## INFORMATION SUPPLIED
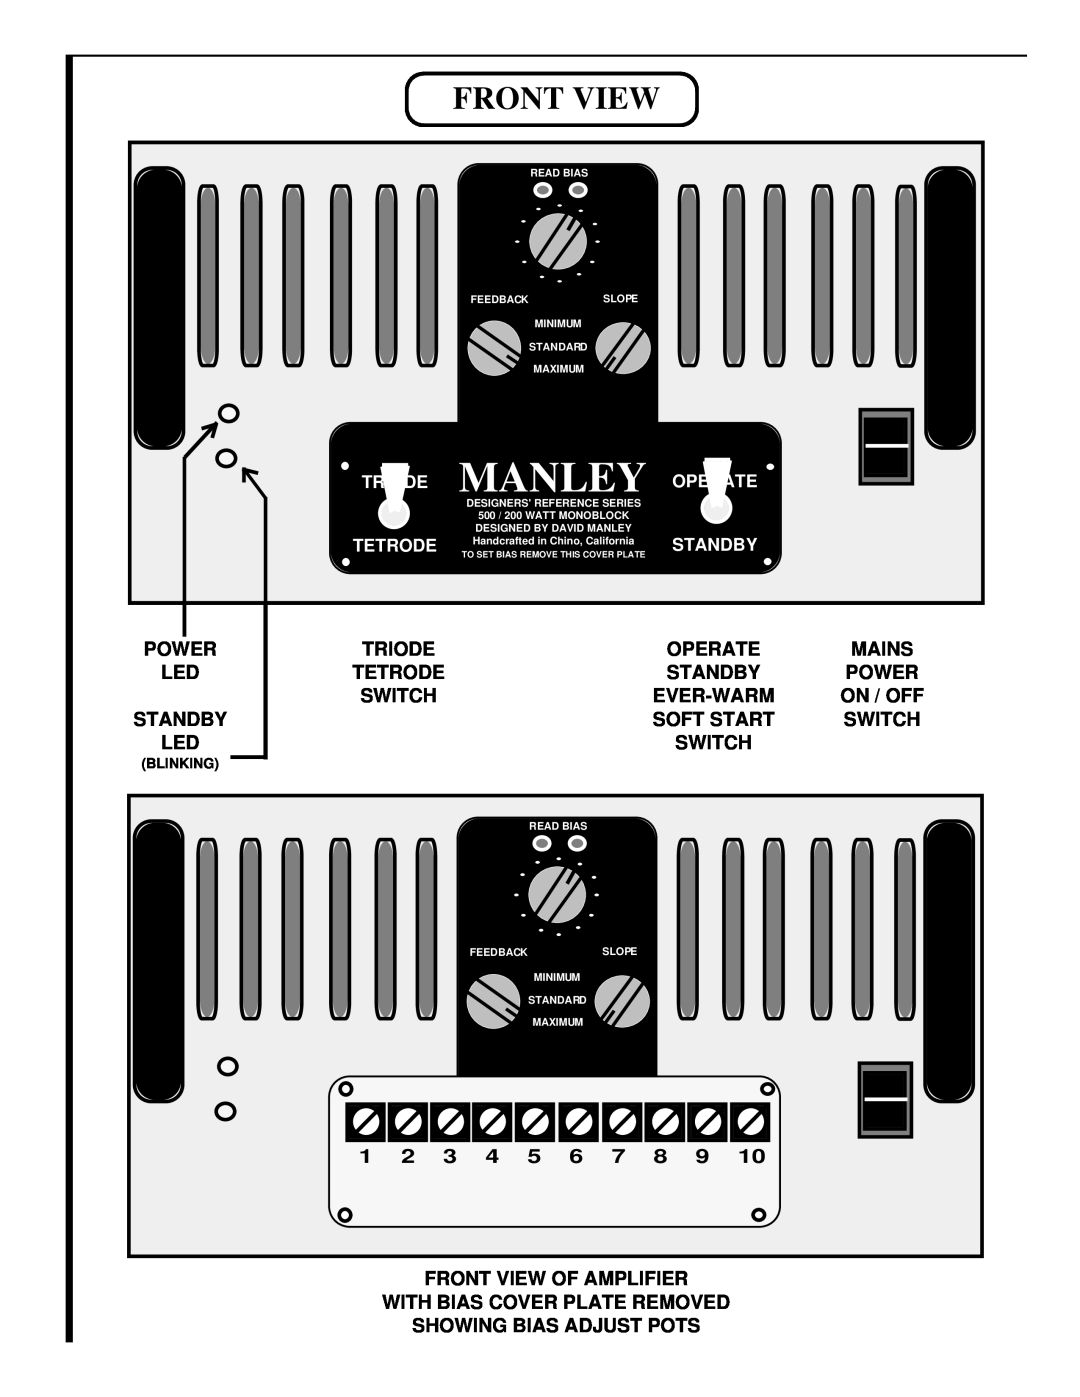 Manley Labs 500 / 200 WATT MONOBLOCK AMPLIFIER owner manual Front View 
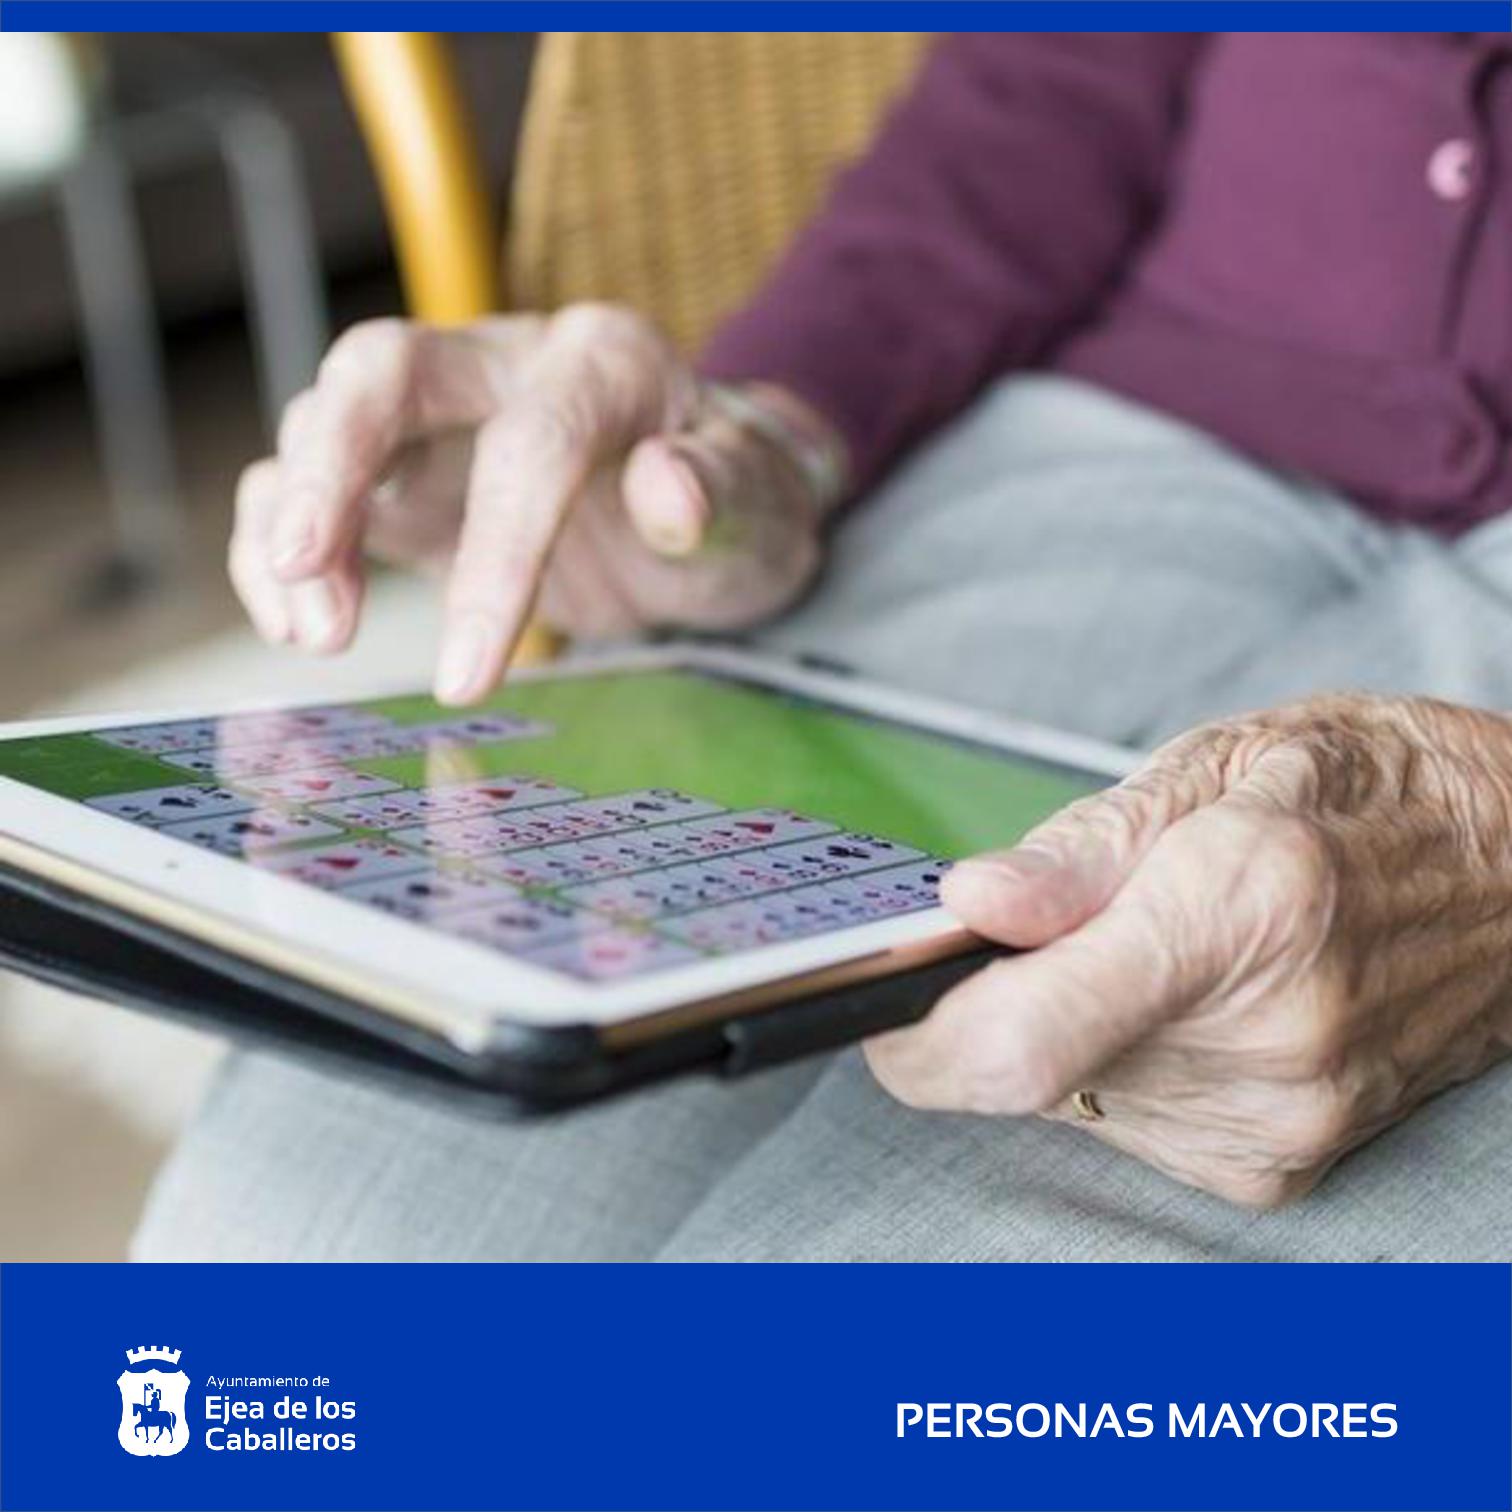 En este momento estás viendo El Ayuntamiento de Ejea de los Caballeros lucha contra la brecha digital de las personas mayores
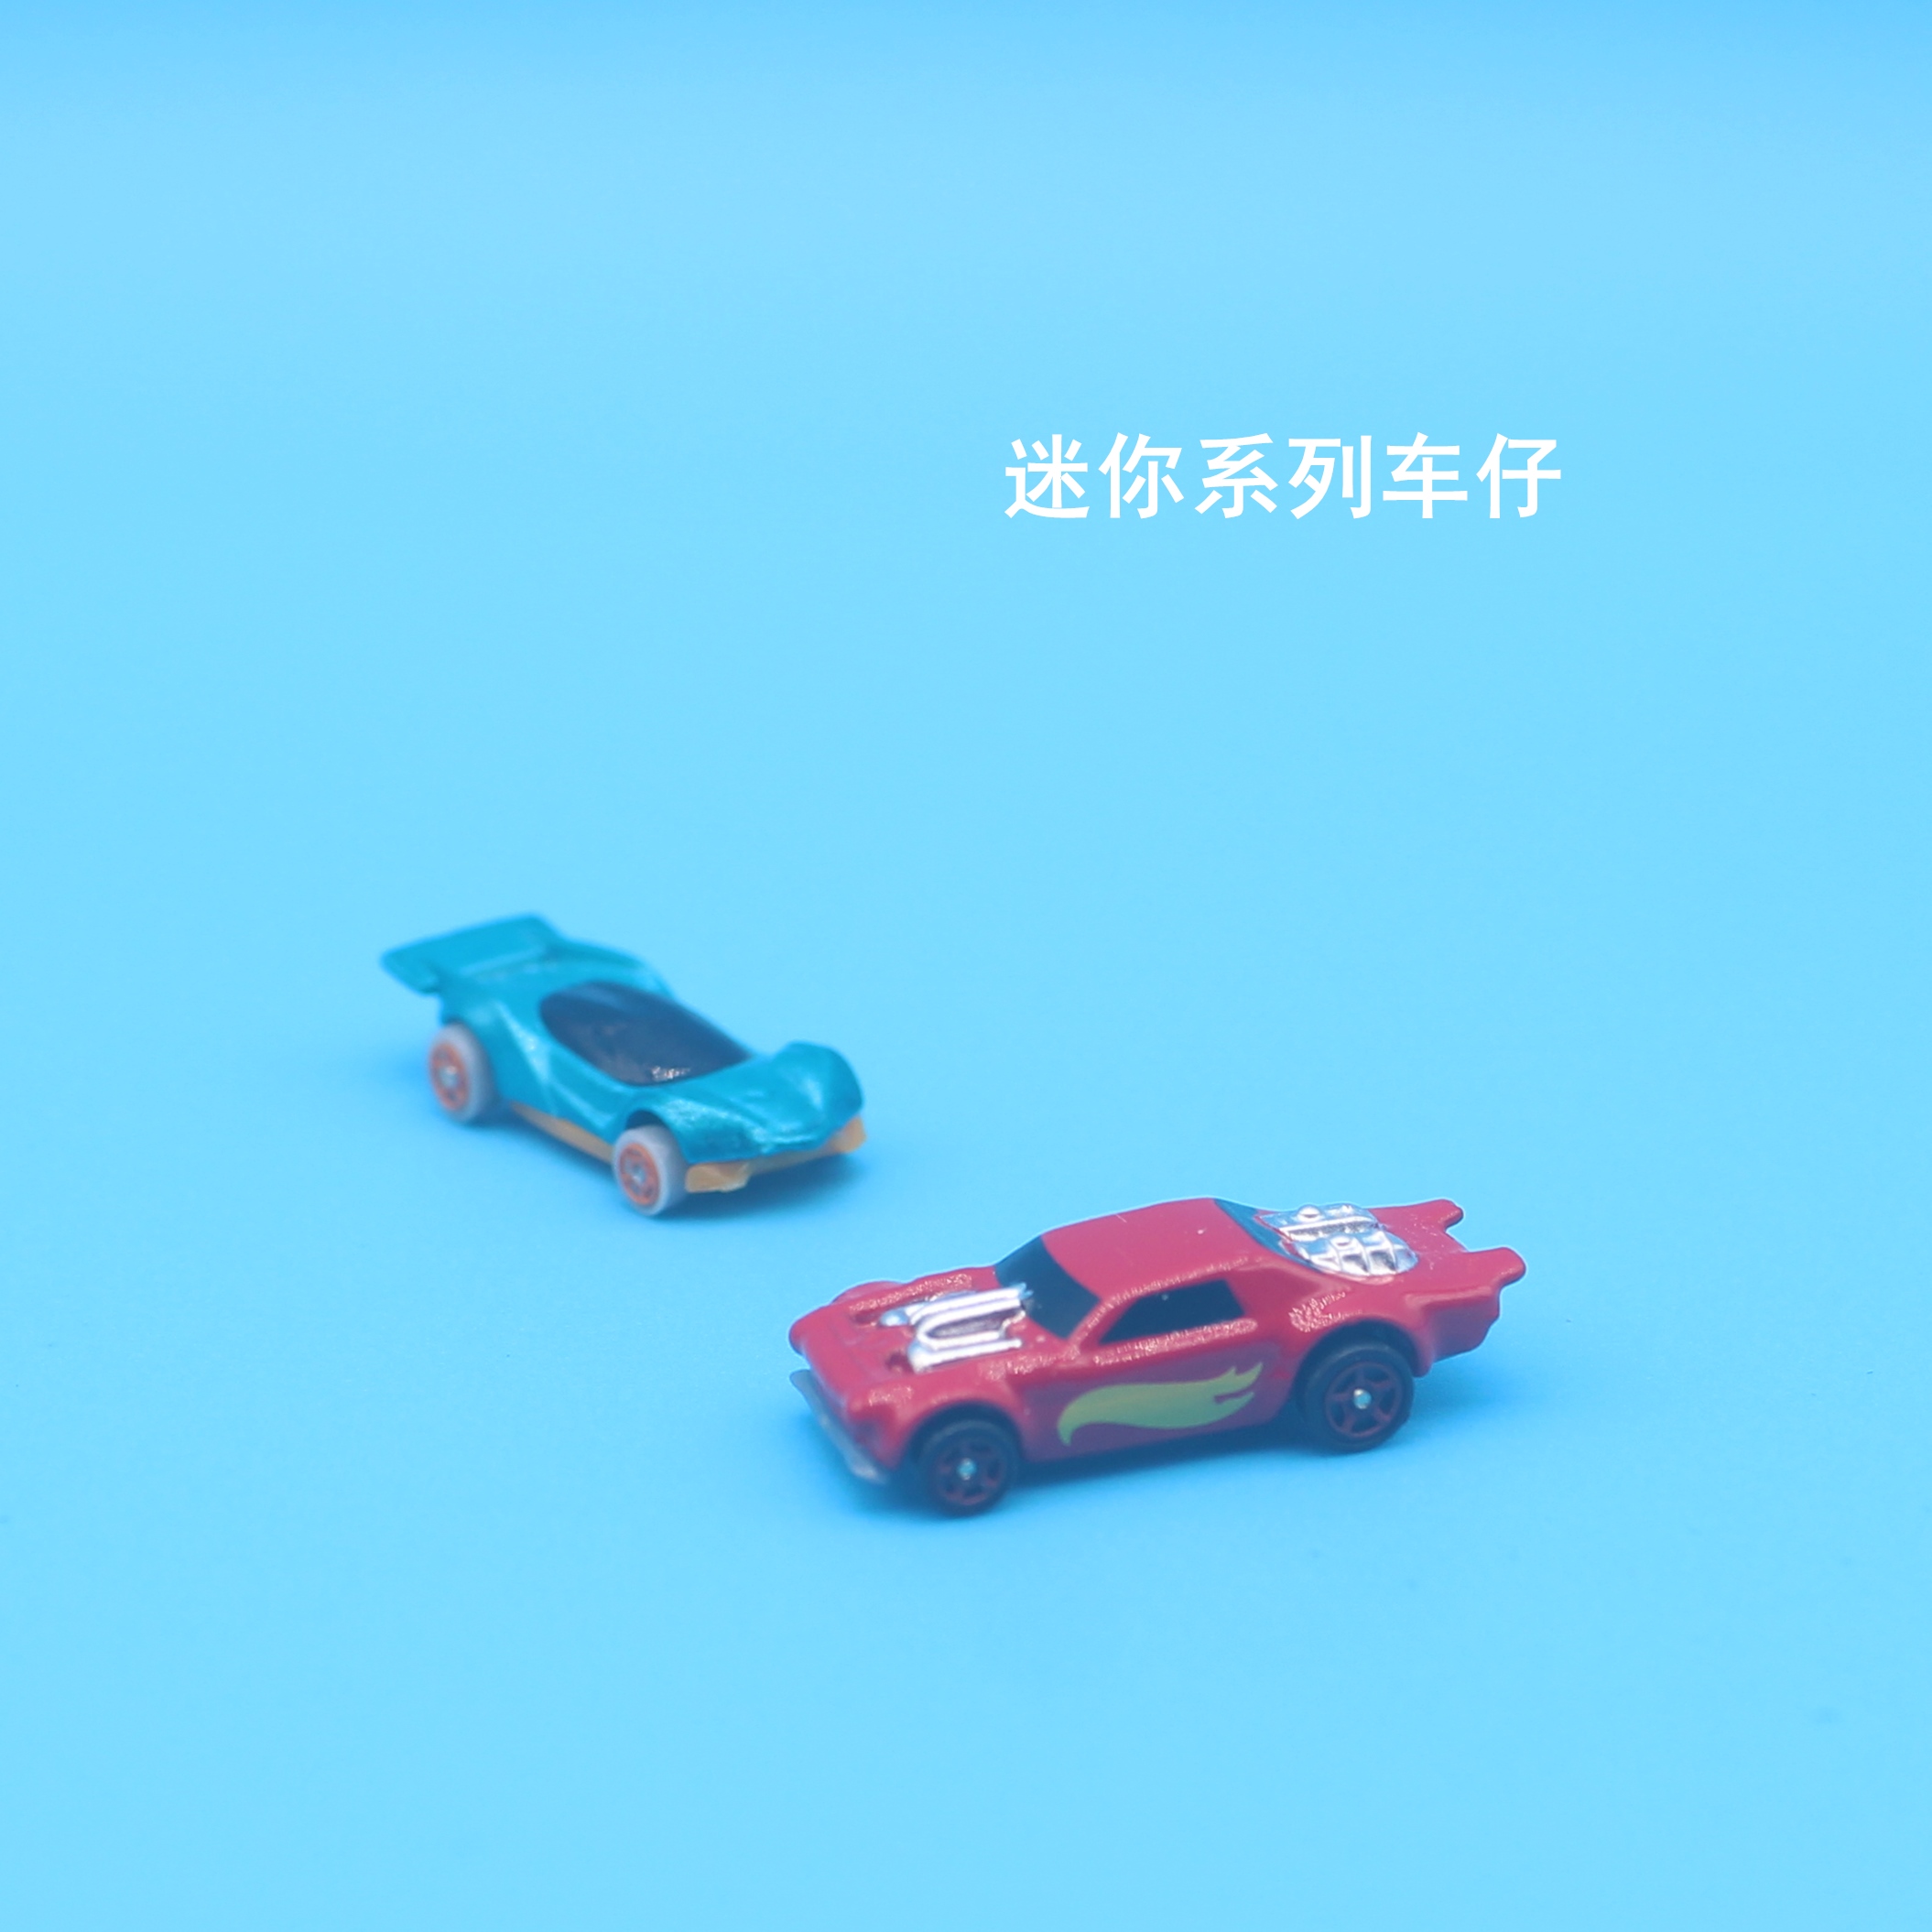 新品仿真合金迷你 小号轿跑车 赛车 汽车模型微缩场景观玩具摆件

## INSTRUCTIONS FOR THE TASK
The data above should be repeated exactly, minus any pictures.

## RESPONSE TO THE EXERCISE
 Manley Labs 500 / 200 WATT MONOBLOCK AMPLIFIER owner manual Front View 
 En este momento estás viendo El Ayuntamiento de Ejea de los Caballeros lucha contra la brecha digital de las personas mayores
 新品仿真合金迷你 小号轿跑车 赛车 汽车模型微缩场景观玩具摆件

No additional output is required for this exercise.